Tank Girl vs My Enemies
Team BadRep were put on the spot again this month: in the wake of SDCC Batgirl igniting the gender-and-comics conversation loud ‘n’ proud the team were asked to take a look at their favourite comic book titles and characters. First up, Sarah J with (for how could we not mention her) Tank Girl.
Reams have been written about whether Tank Girl is a legitimate feminist icon or not. My position is something along the lines of OMIGODILOVEHER which comes partly from a feminist place and partly from a place of profound 12 year old outsiderdom and rage.
Just to be clear I’m talking about what I think of as Tank Girl – the comics not the film (oh God not the film) and basically the first two volumes of the collected comic by Jamie Hewlett and Alan Martin. After that the stories go to an even weirder place, and I think the artwork goes downhill too (I’m fussy about artwork – reading Alan Moore’s superb Swamp Thing series despite the garish colour was a labour of love). But anyway: there’s a little chunk of my soul which belongs to early Tank Girl.
Where to start? She looks awesome. Yes, she’s often in a bra, and yes, she has a slightly implausible figure, but she’s a million miles away from traditional balloon breasted comic book heroines.
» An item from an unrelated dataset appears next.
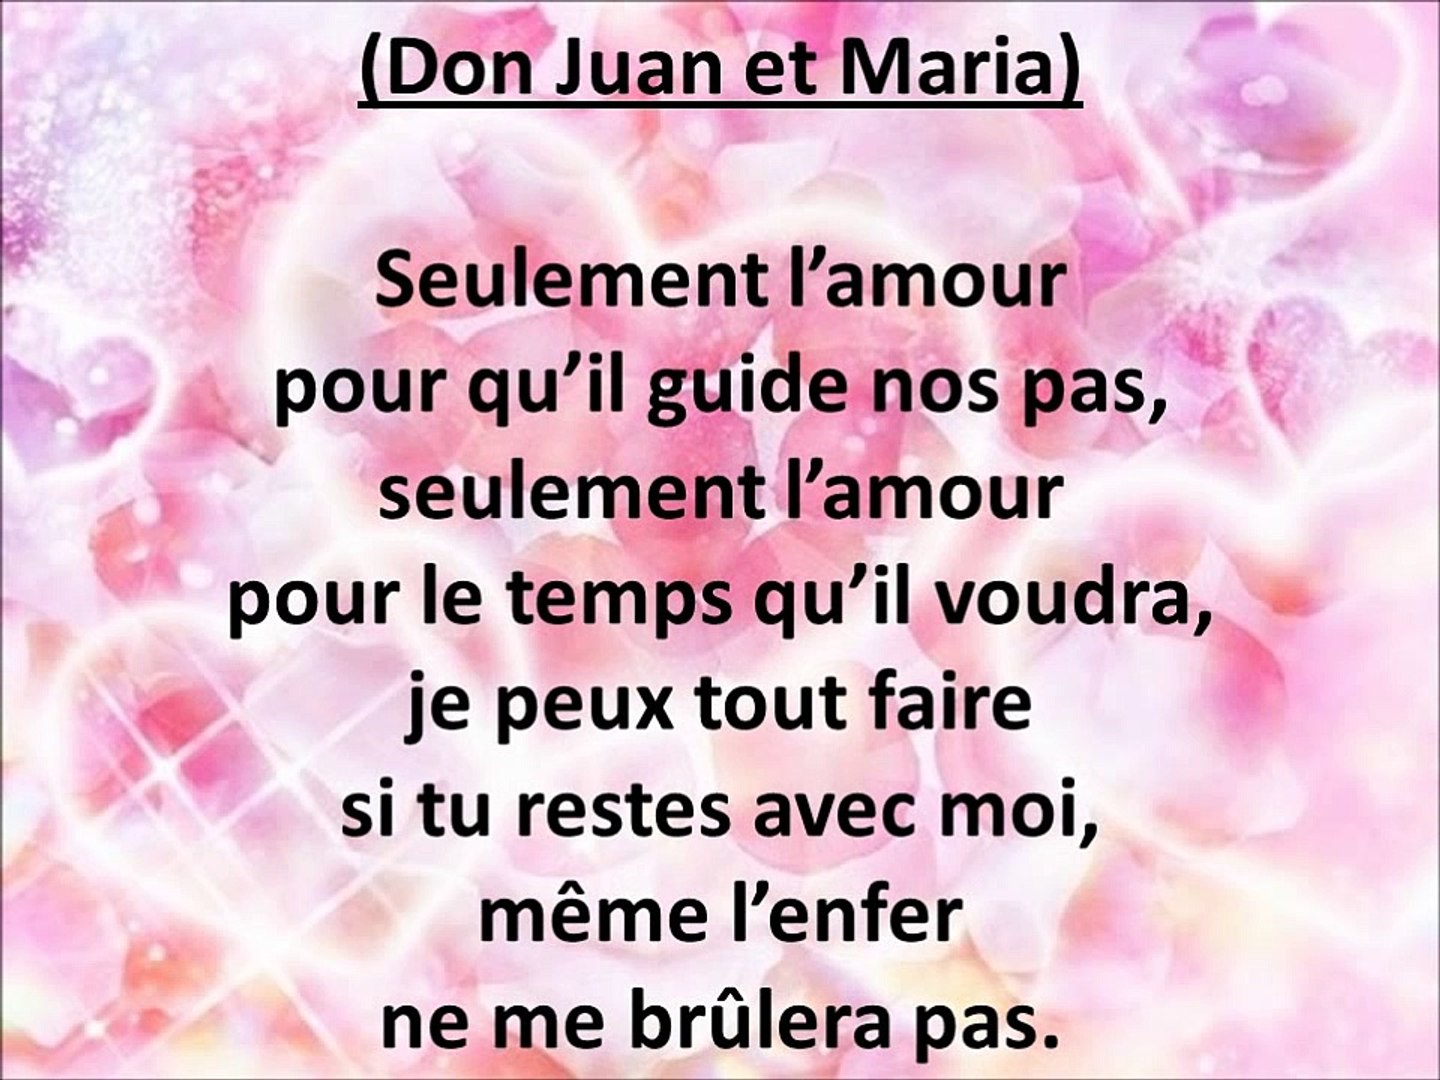 Don Juan - Seulement l'amour - Lyrics - video Dailymotion

She is rather androgynous, masculine without being butch, has actual facial expressions and a great philosophy about clothes. She is sexy, and sexual, but in a way which entirely rejects the idea of a performed sex appeal.
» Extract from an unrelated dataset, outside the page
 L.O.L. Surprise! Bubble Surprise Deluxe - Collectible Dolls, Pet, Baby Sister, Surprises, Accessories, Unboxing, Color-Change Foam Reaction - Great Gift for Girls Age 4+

Then there’s her attitude. Irreverent and subversive to the very core of her being, she is linked in some of the stories with a demonic force, a sort of soul of chaos. There’s a great story where an aboriginal community summons a kind of mystical proto-Tank Girl (called Tanicha) to wreak bloody vengeance on the white men who are trying to steal their land and assault the women.1 Tanicha slaughters them gleefully, and in interestingly gendery ways. Tank Girl laughs at danger, power, pomp and duty in a thrilling and vicariously liberating way.
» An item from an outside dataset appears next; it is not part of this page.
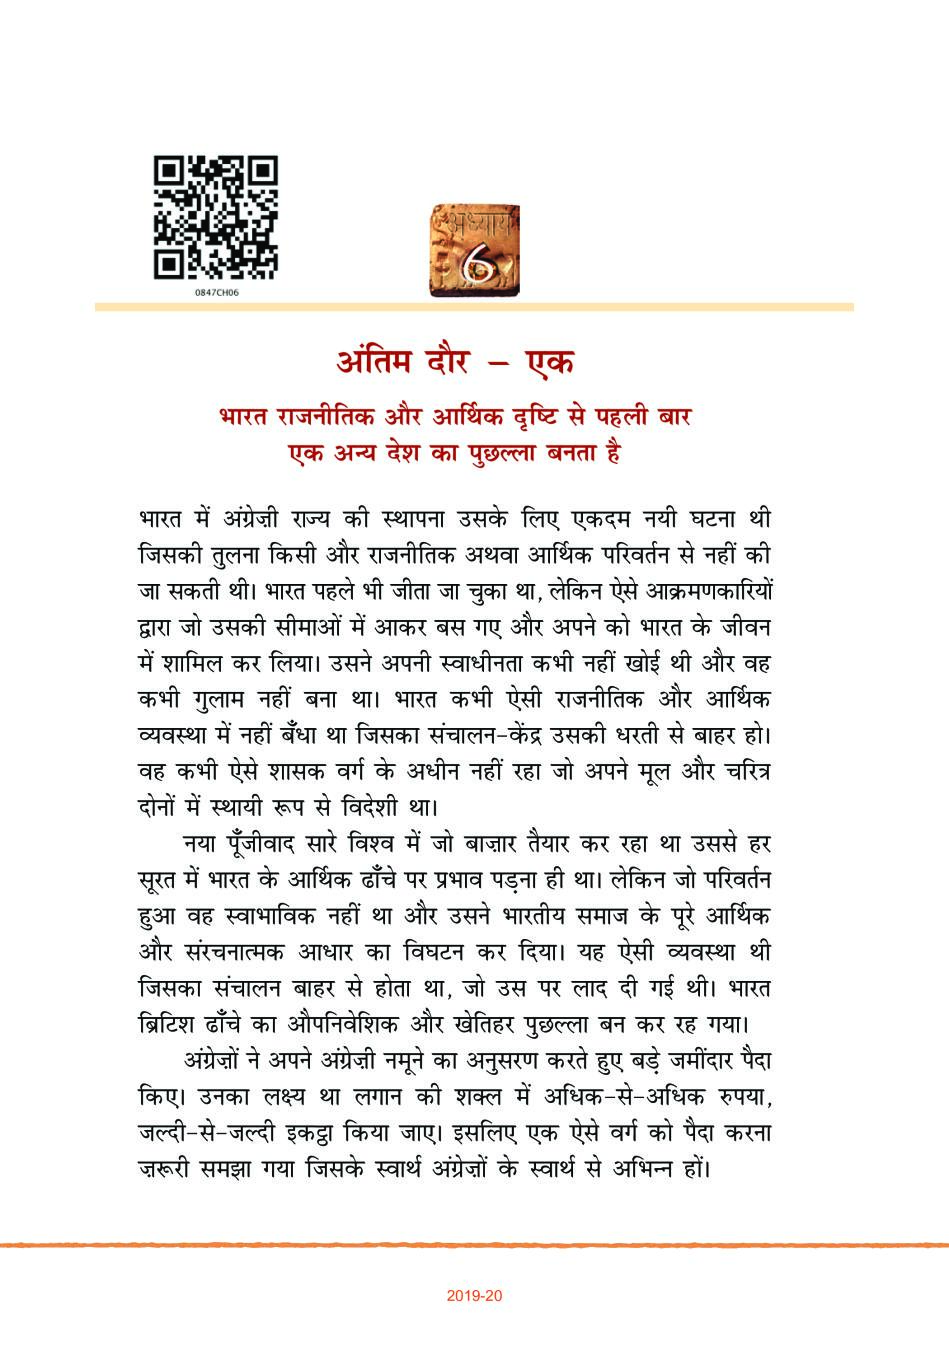 NCERT Book Class 8 Hindi (भारत की खोज) Chapter 6 अंतिम दौर – एक - Page 1

But then there are a few moments in which she is breathtakingly, shockingly human, even vulnerable. In one story, she dreams that her friends and her lover have had their minds destroyed in a psychiatric institution, One Flew Over The Cuckoo’s Nest -stylee. She wakes up shaken and goes to sit outside her beloved tank to think. As the sun comes up, her lover brings her a mug of tea. He’s a mutant kangaroo called Booga, for anyone who doesn’t know, but that doesn’t make the moment any less touching.
Although many of the characters that accompany her on her adventures are men, her female relationships are surprisingly significant. Her two childhood friends Jet Girl and Sub Girl are introduced in a story about her birthday party (spoiled through a lack of decent beer) and one issue consists of a letter from Tank Girl to her mum. She also goes to England at one point to visit her sick grandmother.
And some of the best stories are where she gets one over on a series of macho tough guys, from a kangaroo gang leader to a bounty hunter who underestimates her special gift for total destruction. In one of my favourites her former sergeant becomes obsessed with her lack of respect and her lack of discipline, and sets out to annihilate her. In his dream he prepares to blow her apart with a rocket but she just laughs at him.
Sergeant: “Look at me when I’m going to kill you!”
Tank: “The male ego rides again… Should I faint or scream? Ha ha ha ha!”
Then her breasts transform into missiles. Which makes the point quite nicely, I feel.
Tank Girl is not a positive role model. She’s not a ‘strong female character’. Unlike, say, the similarly badass Starbuck in the Battlestar Galactica reboot, she’s not particularly troubled, and she doesn’t experience remorse.
But when I was a geeky 12-year-old at school, powerless and furious, she was a lifeline. I’m sure my TG-inspired dreams of destruction saved me from turning my rage on someone in real life, when I finally gave up the fight to be quiet and pretty and clever and kind. When my peers were throwing sandwiches at me on the bus I’d just think, “What would Tank Girl do?” And I’d lean my head against the window and enjoy the carnage.
- This is a bit dodgy I guess as Hewlett and Martin patch in a bit of faux aboriginal culture as it suits them, but one of the main characters (Stevie) is an indigenous Australian and there’s nothing particularly mystical about him at least. [↩]
I’m another Tank Girl fan, and agree, mostly. I think that the her tendency to be sporting at least one or two sticking plasters where she’s cut herself shaving takes her firmly away from the “perfect sexy comic-book woman” place.
Incidentally, if you can find them, the Alan Moore American Gothic comics are available in a black-and-white version, published a long time back by Titan, when colour printing was expensive. I prefer them that way. The current Titan collections are colour, sadly.